Chris Snee – © USA TODAY Sports Images


After 10 prolific season in the National Football League, Chris Snee will walk away. The 32-year-old announced Monday that he will retire from the NFL. Snee spent every year of his career with the New York Giants.

The news of his retirement was first reported by ESPN’s Dan Graziano late Sunday afternoon.

After meeting with the Giants this morning, the guard determined his body could no longer endure the physical trials of the NFL. Snee was rehabbing from offseason hip and elbow surgeries that cost him much of the 2013 season.

Snee announced the decision today as the Giants gathered to begin training camp in preparation for the 2014 season.
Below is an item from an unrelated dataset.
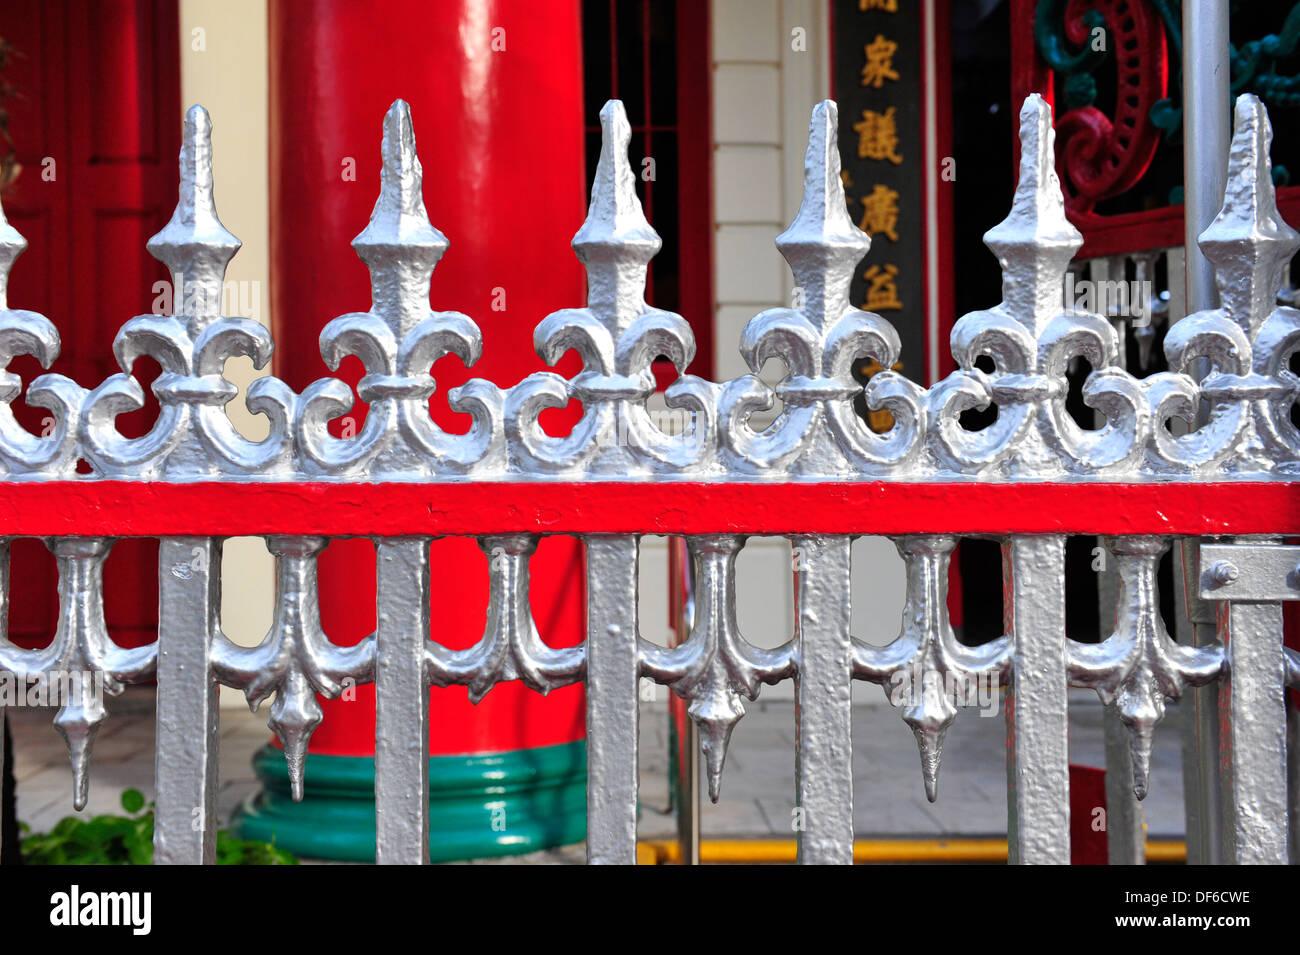 Old wrought iron fences - Stock Image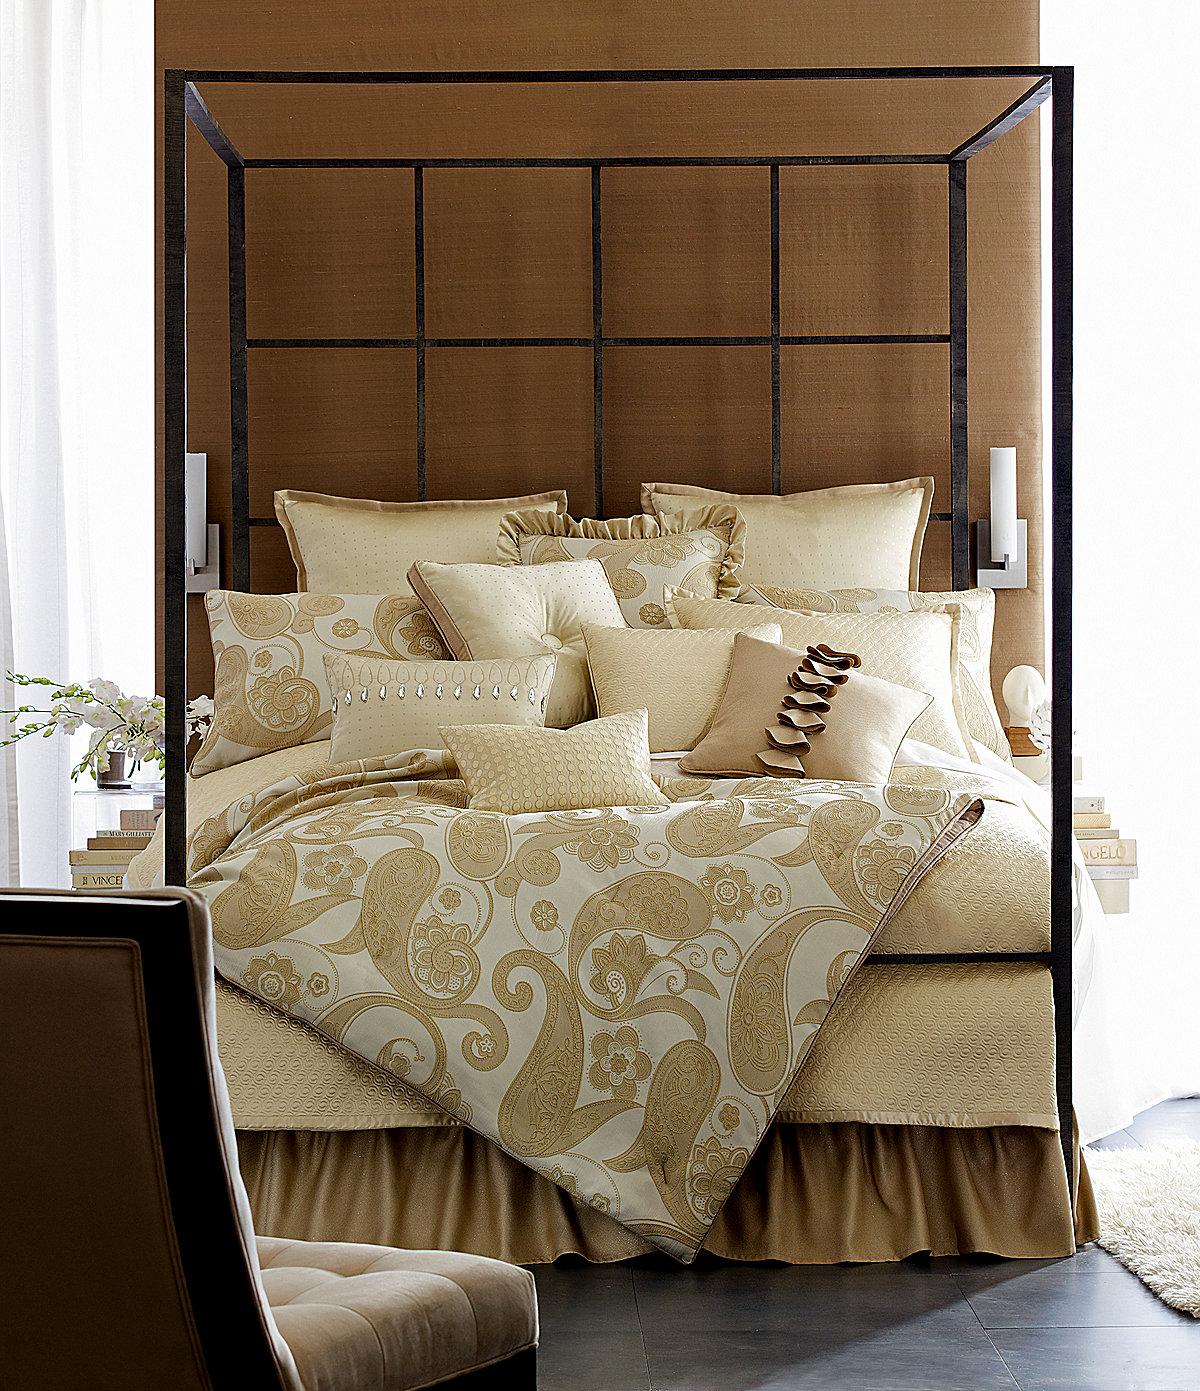 candice olson bedroom dillards photo - 2

“I know it’s my time,” Snee said. “Before OTAs started I was confident. I was moving around great and I was strong enough where I felt that I could play and compete. But then once OTAs came around, I had to punch and stop somebody … obviously, we’re not wearing pads. I wasn’t able to do it. Quite frankly, it hurt.  But I thought maybe it was my joint getting used to that again. But the more I tried to do it, it became a concern to me that it wasn’t responding the way it should and actually my (elbow) strength had started to go down in the weight room.

“After those three days of OTAs, my hips were hurting. I was concerned. The elbow is an old joint and the cartilage is gone and the bone is starting to weaken. That being said, I came and I spoke to (general manager) Jerry Reese after OTAs and kind of told him what was coming. He said, ‘Take your time and still continue to work out.’ So I did that and my strength is still going down. That was an indication that I wasn’t strong enough to play. And that’s kind of what my game’s been based upon. I take tremendous pride in the effort that I put in the weight room and being the strongest player on the field. I’m nowhere near that, so I knew that even if I came here today, I wouldn’t be able to practice. You’re trying to catch up and I’ve been trying to get my strength back, but I think it’s time to just let the arm cool down.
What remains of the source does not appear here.